Problem requirements:
Print every line below exactly as written, but leave the pictures behind.

Data extract:
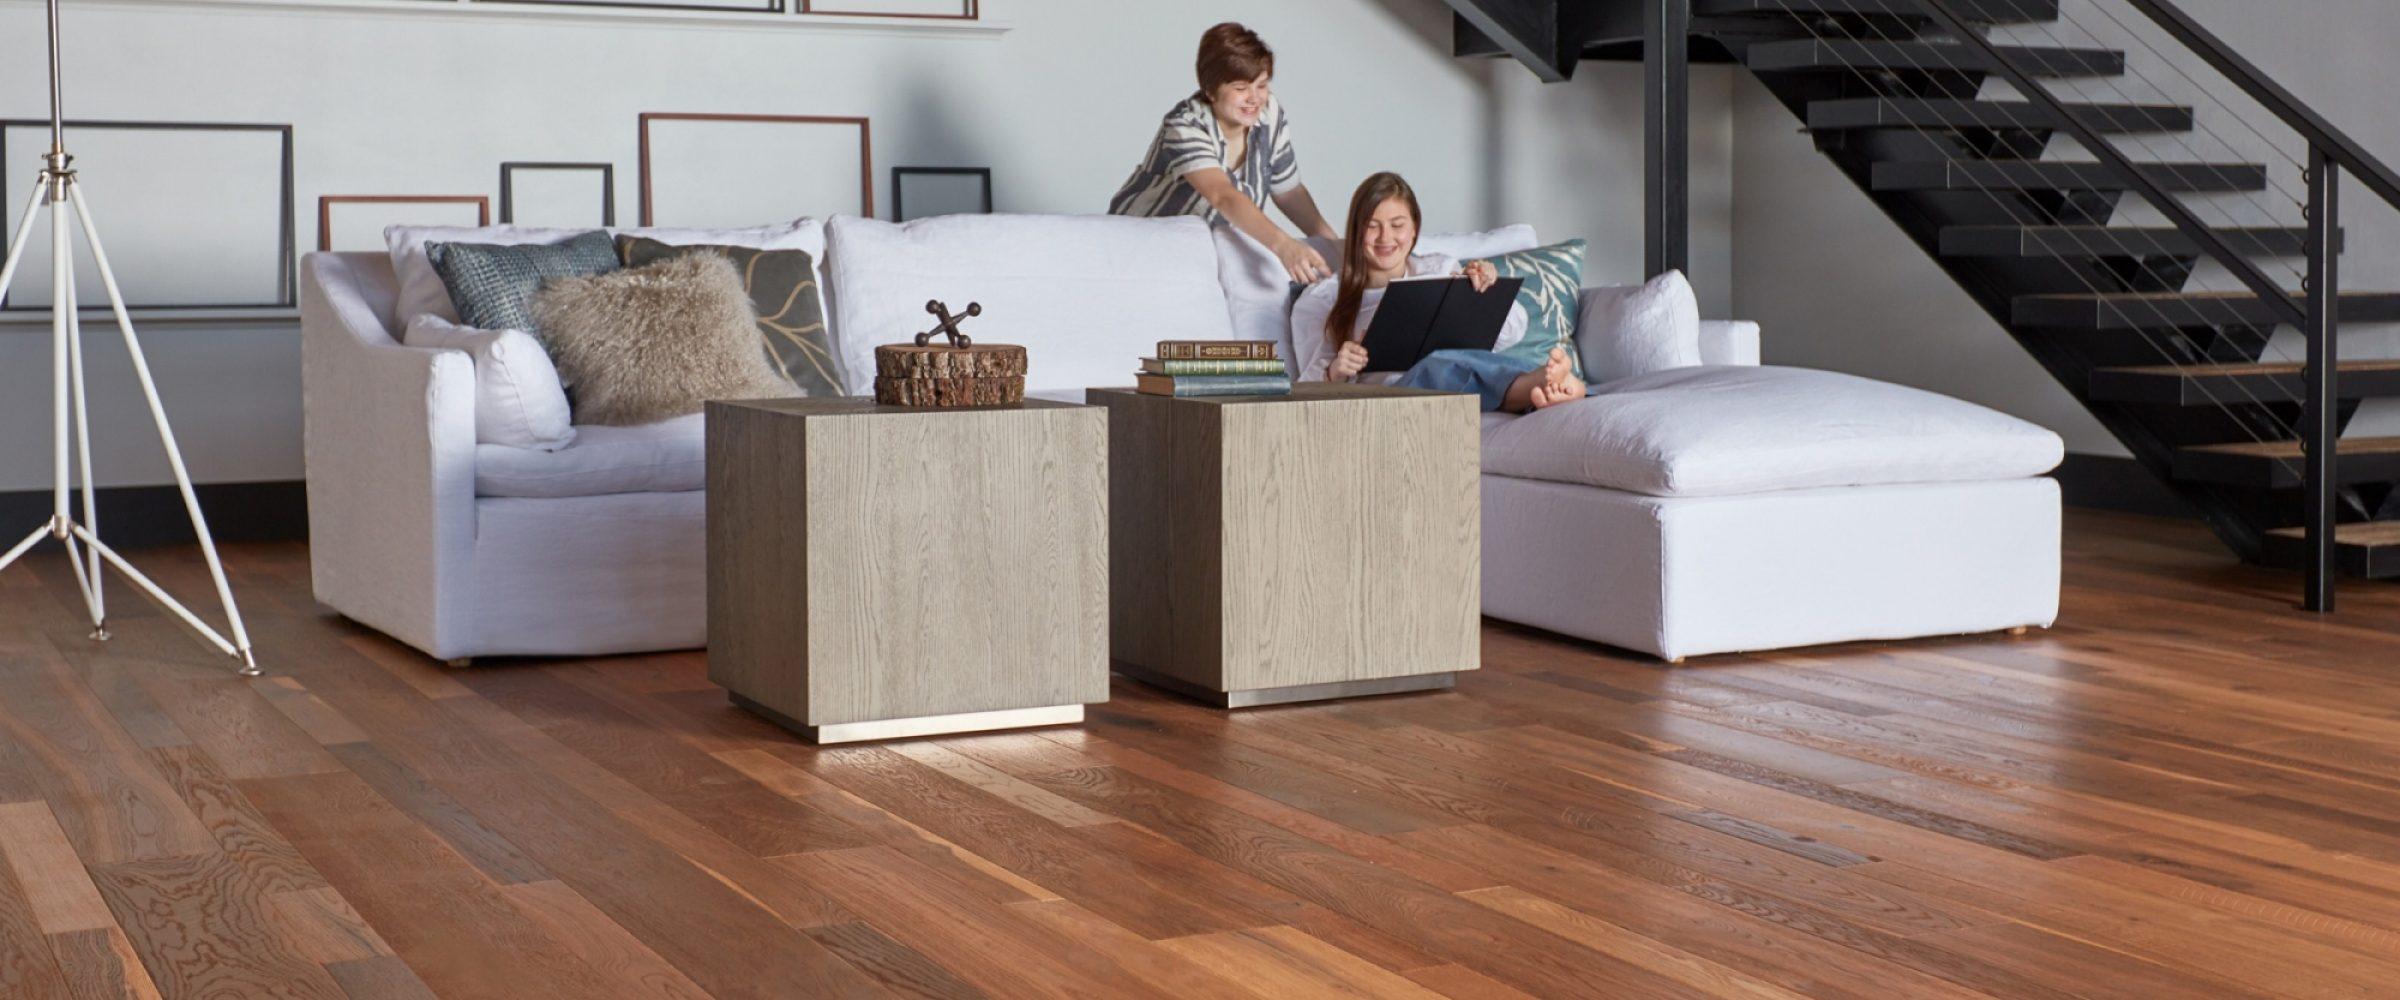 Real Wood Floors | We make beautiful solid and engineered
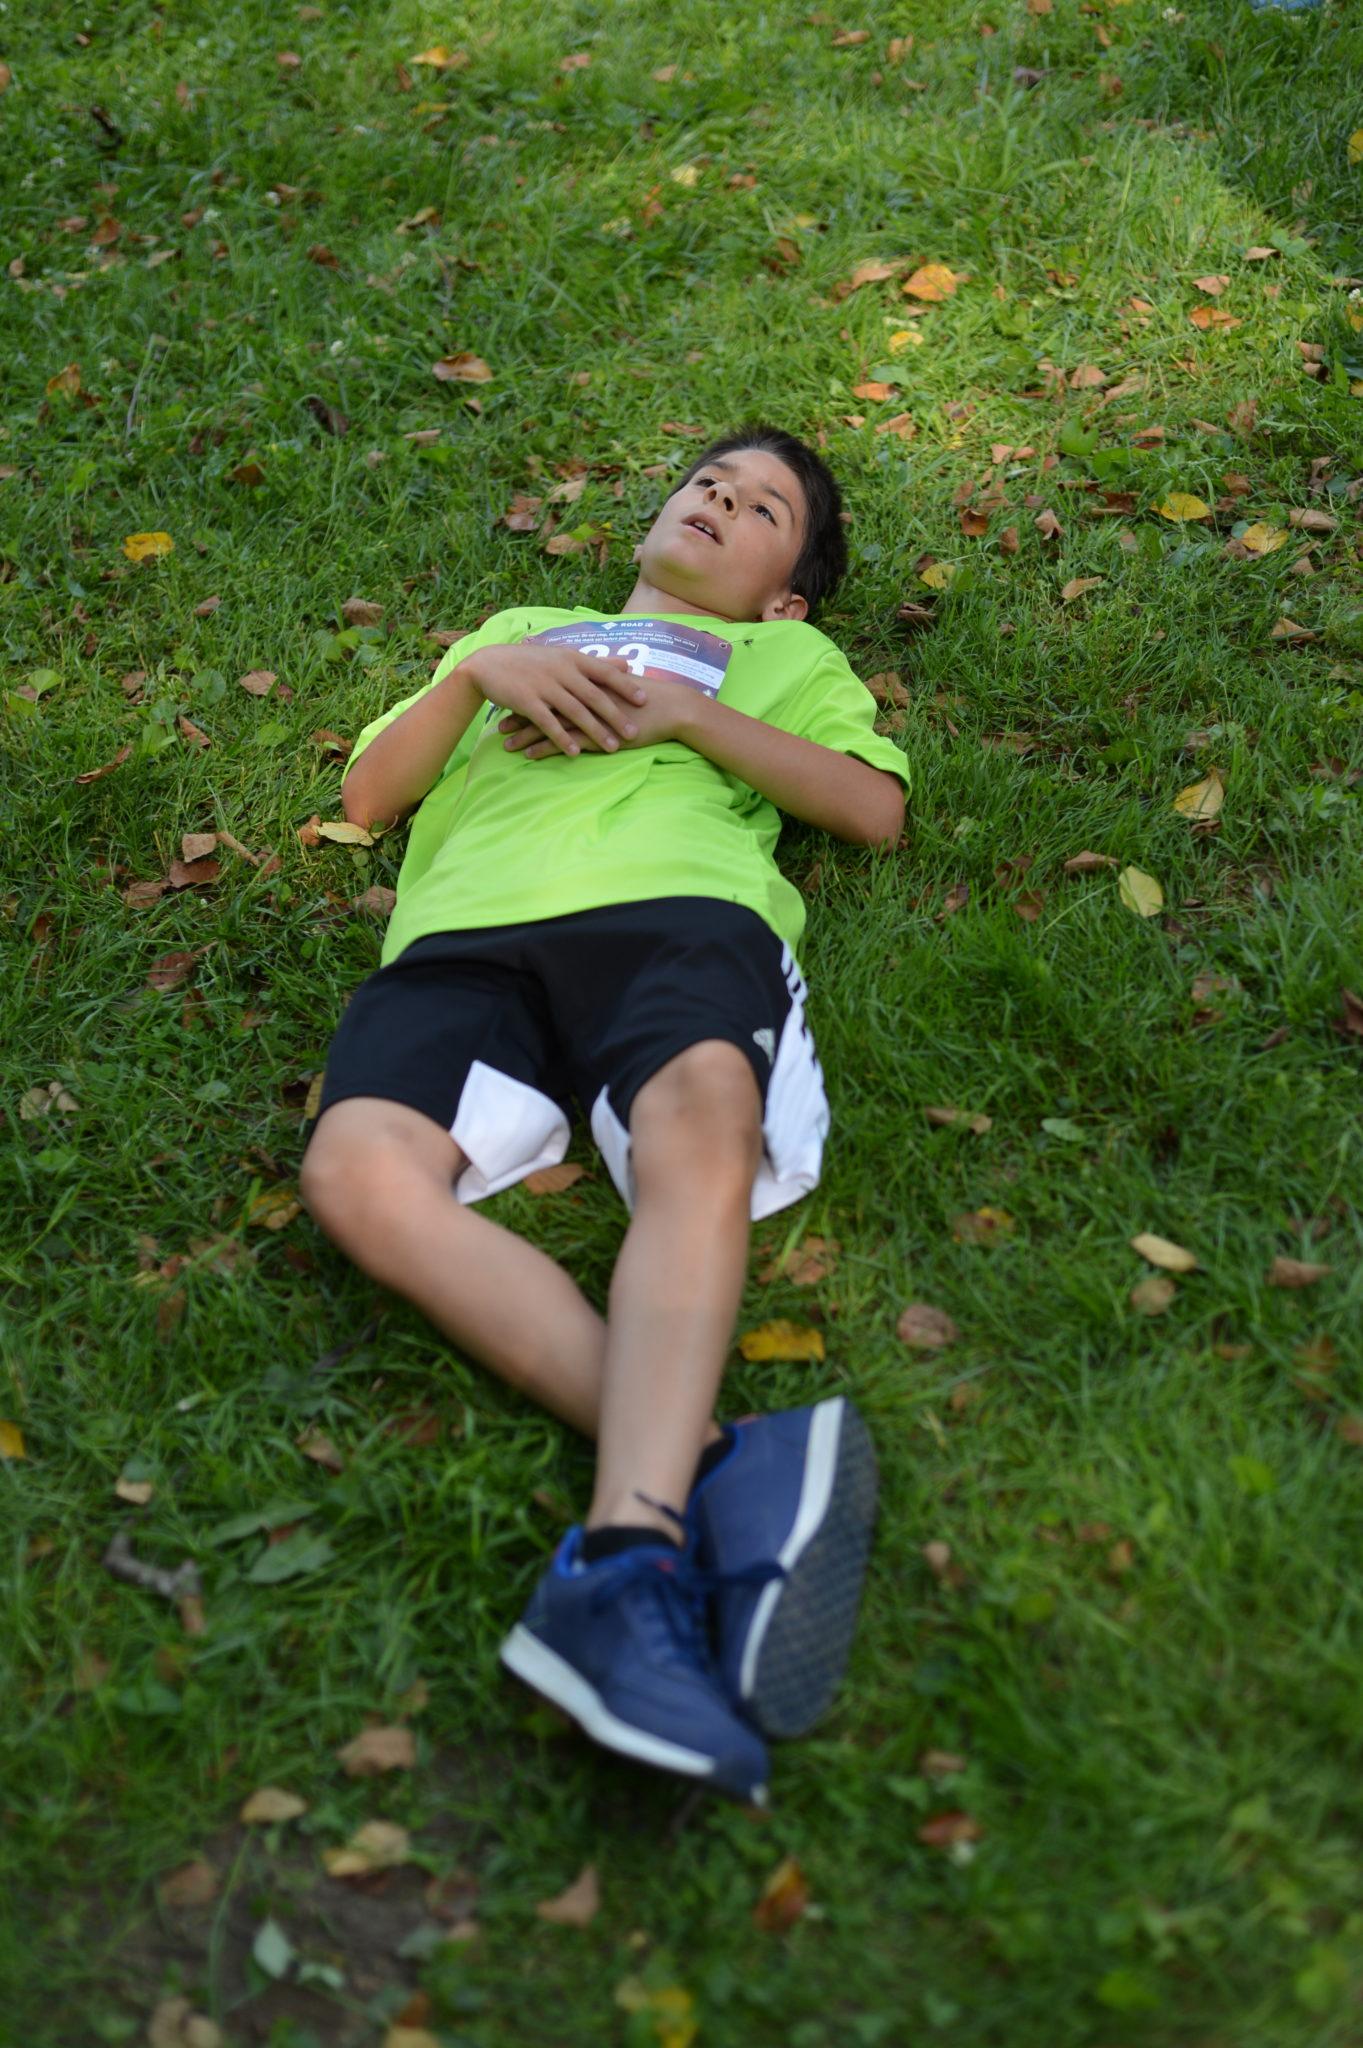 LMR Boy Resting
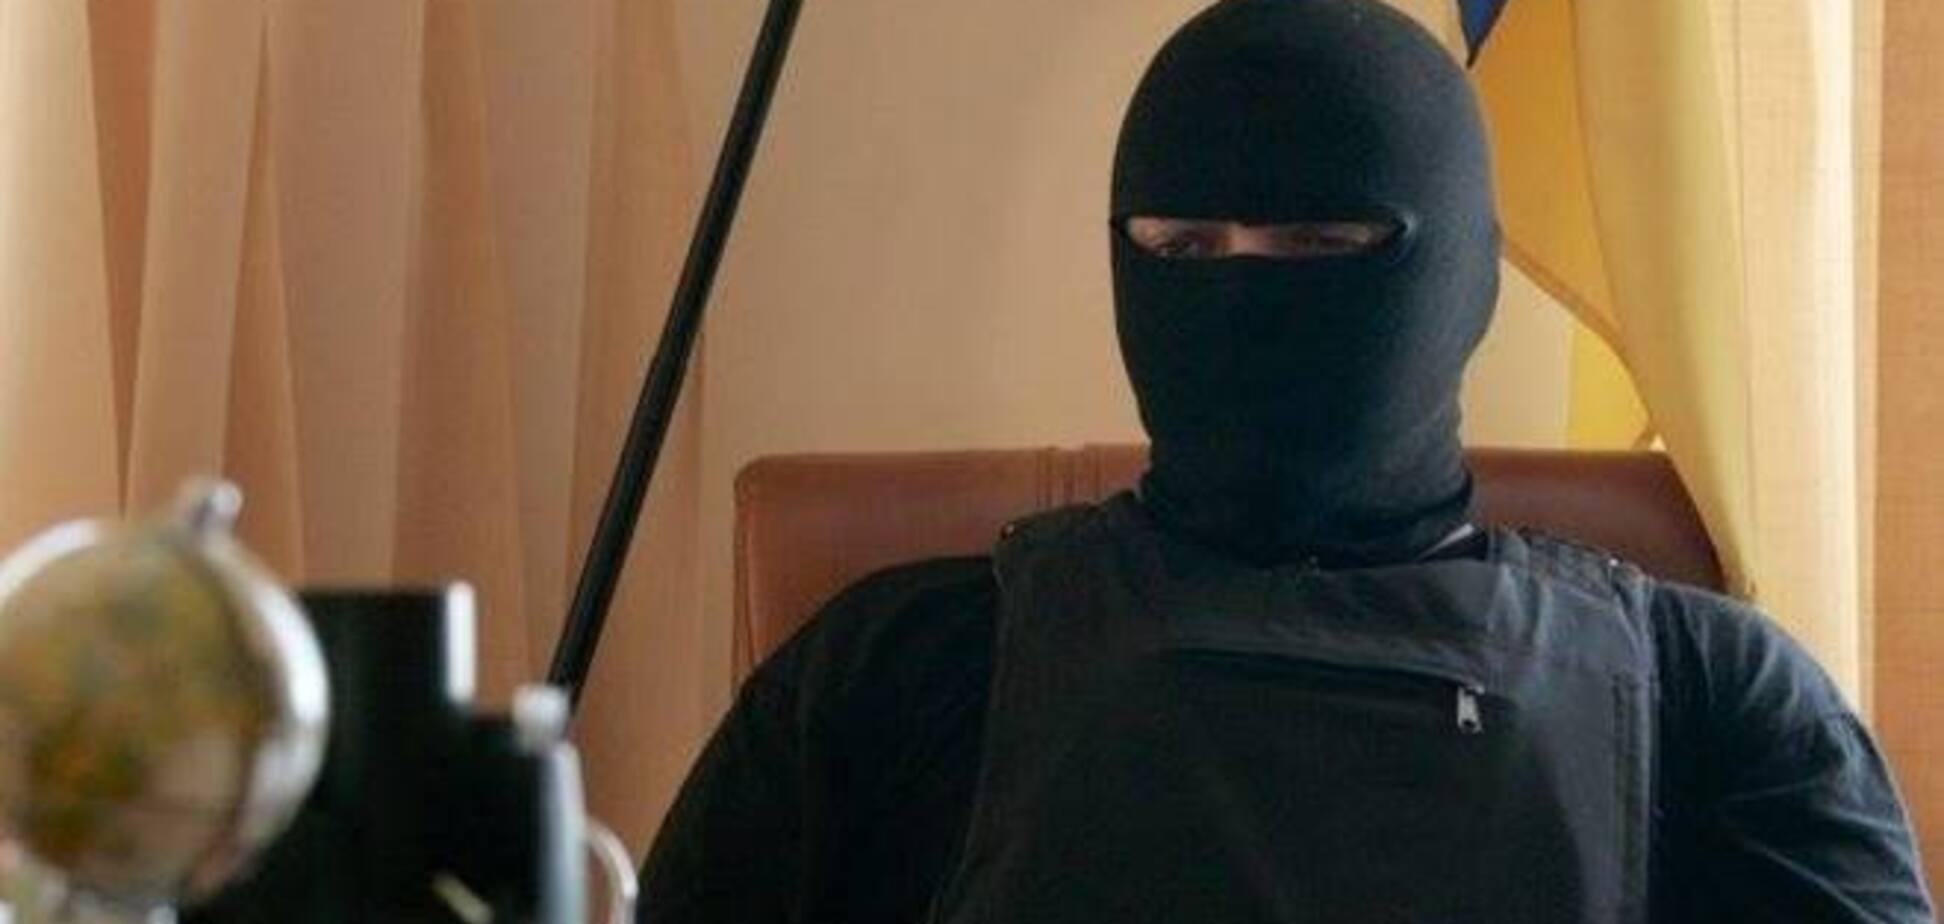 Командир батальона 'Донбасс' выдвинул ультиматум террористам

Written answer:
 Real Wood Floors | We make beautiful solid and engineered
 LMR Boy Resting
 Командир батальона 'Донбасс' выдвинул ультиматум террористам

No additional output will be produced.